In step S210, by a root node apparatus (i.e., the node apparatus 110A) of the node apparatuses 110A˜110F from the access point apparatus 150, a plurality of packet storage states of the node apparatuses are retrieved, wherein a storage indication level of each of the packet storage states indicates that the access point apparatus 150 stores a to-be-accessed packet corresponding to one of the node apparatuses.

Since the access point apparatus 150 stores the packets scheduled to be transmitted to all the node apparatuses in the sleep mode, the root node apparatus directly connected to the access point apparatus 150 can retrieve the packet storage states of all the node apparatuses from the access point apparatus 150.

In an embodiment, when the node apparatuses 110A˜110F join the mesh network system 100, the access point apparatus 150 assigns an independent association identification number (AID) to each of the node apparatuses 110A˜110F. For example, the node apparatuses 110A˜110F in turn have association identification numbers of 1˜6.

On the other hand, the access point apparatus 150 configures a storage indication level and a non-storage indication level to each of the packet storage states corresponding to any one of the node apparatuses 110A˜110F.

For example, when a packet storage state has the storage indication level (e.g., 1), the access point apparatus 150 stores at least one packet of the node apparatus corresponding to the packet storage state. When a packet storage states has the non-storage indication level (e.g., 0), the access point apparatus 150 does not store any packet of the node apparatus corresponding to the packet storage state.

As a result, the root node apparatus, according to the association identification number and the corresponding packet storage state provided by the access point apparatus 150, may identify whether the access point apparatus 150 has the packets to be retrieved by each of the node apparatuses 110A˜110F.

For example, when the root node apparatus retrieves an association identification number that is 3 and the corresponding packet storage state is the storage indication level, the condition that the access point apparatus 150 has at least one packet for the node apparatus 110C to retrieve is indicated.

In step S220, each of the node apparatuses 110A˜110F is operated to be a first node apparatus such that the first node apparatus configures a node packet storage state table indicating the plurality of packet storage states of the first node apparatus and at least one child node apparatus of the first node apparatus and broadcasts beacon signals BSA˜BSF each including a node packet storage state table in an independent periodic broadcast time.

Reference is now made to FIG. 3. FIG. 3 illustrates a diagram of a node packet storage state table 300 of the node apparatus 110A according to an embodiment of the present invention.
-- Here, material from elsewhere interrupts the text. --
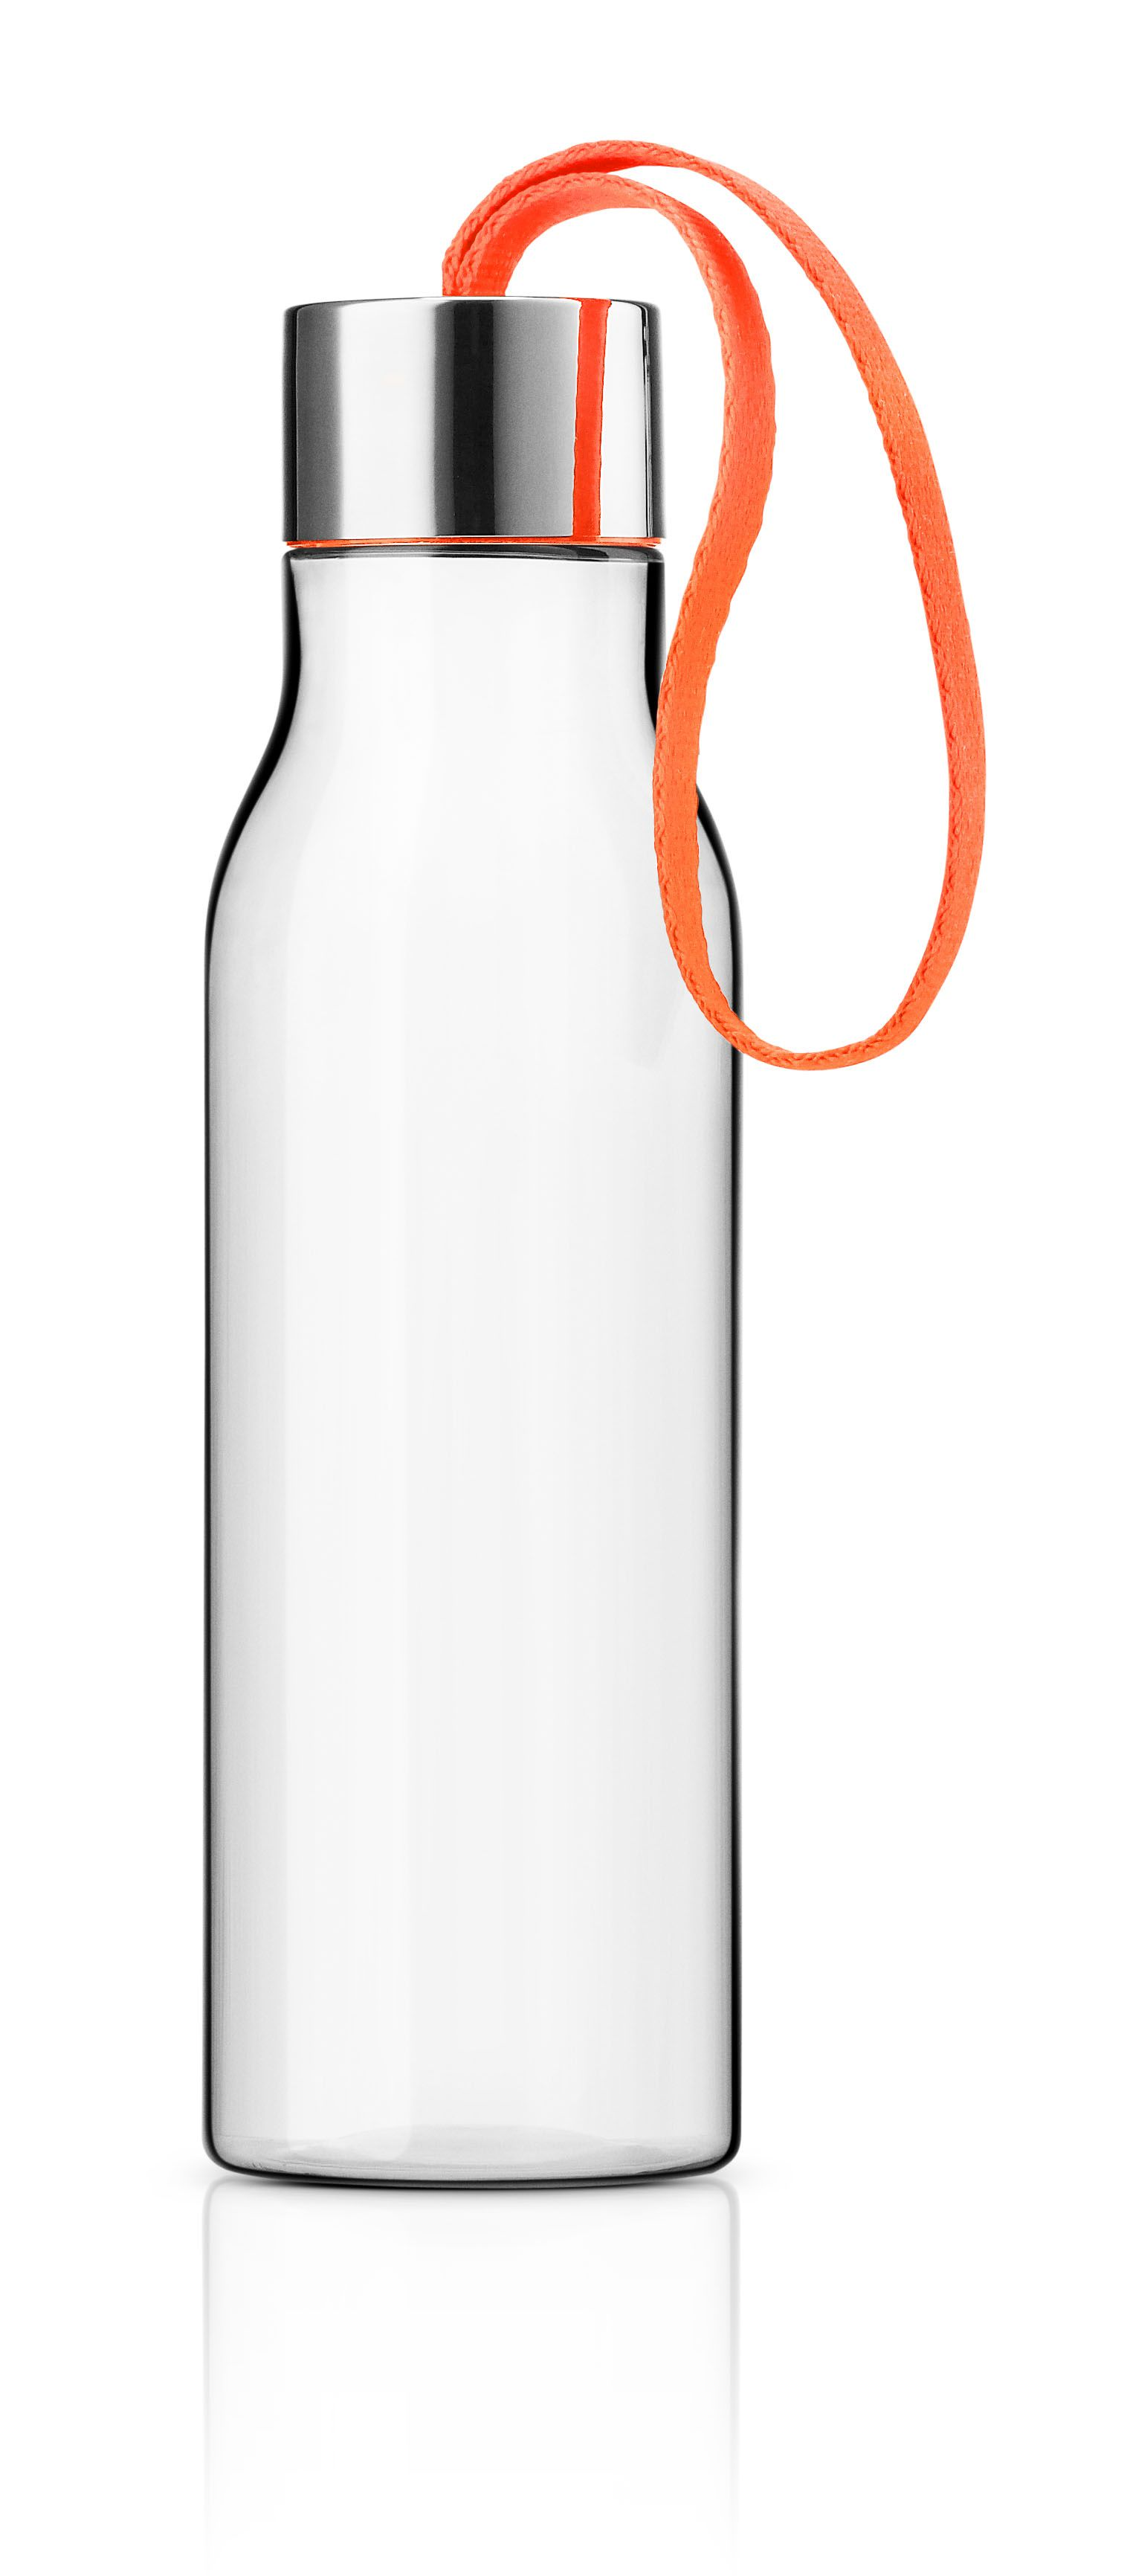 eva_solo_drinkfles_orange.jpg

In an embodiment, the node packet storage state table 300 documents the packet storage states corresponding to the first node apparatus and at least one child node apparatus of the first node apparatus by using the association identification numbers thereof. Take the node apparatus 110A as an example, the node packet storage state table 300 includes the association identification numbers, which are 1˜6, of the node apparatus 110A and the child node apparatuses including the node apparatuses 110B˜110F of the node apparatus 110A to respectively document the packet storage states of 0, 0, 0, 1, 0 and 0. Since the storage indication level is 1 and the non-storage indication level is 0, the node packet storage state table 300 in FIG. 3 indicates that the access point apparatus 150 only stores at least one packets for the node apparatus 110D to retrieve.

It is appreciated that for each of the other node apparatuses 110B˜110F, the number of the child node apparatuses is different and the number of the entries in the node packet storage state table thereof is different.

Reference is now made to FIG. 4. FIG. 4 illustrates a timing assignment of the beacon signals BSA˜BSF of the node apparatuses 110A˜110F in the mesh network system 100 according to an embodiment of the present invention.

In an embodiment, the mesh network system 100 assigns the timing of the beacon signals BSA˜BSF according to a target beacon transmission time (TBTT) 400 configured by the access point apparatus 150. A target beacon transmission time length TBTTLE of one target beacon transmission time 400 is such as, but not limited to 102.4 millisecond, where the target beacon transmission time 400 is equally divided into a plurality of beacon windows to dispose the periodic broadcast times of different node apparatuses. Each of the beacon windows may further include a plurality of unit times and the number of the unit times in a beacon window can be configured depending on practical requirements.

In the target beacon transmission time 400 in FIG. 4, the periodic broadcast times PB 1˜PB6 corresponding to the node apparatuses 110A˜110F are illustrated. Different numbers of the periodic broadcast times can be configured in the beacon windows of the target beacon transmission time 400 according to the actual number of the node apparatuses included in the mesh network system 100.

The periodic broadcast times PB1˜PB6 are assigned in the target beacon transmission time 400 according to association identification numbers of the node apparatuses 110A˜110F in the mesh network system 100.

The target beacon transmission time 400 further includes an initial periodic broadcast time PB0 that is an access point broadcast time for the access point apparatus 150 to broadcast the beacon signal. Take the periodic broadcast times PB1 and PB2 as example, each of the periodic broadcast times PB1 and PB2 has the same periodic broadcast time length TBL and respectively has a node broadcast initial time spot TI1 and a node broadcast initial time spot TI2.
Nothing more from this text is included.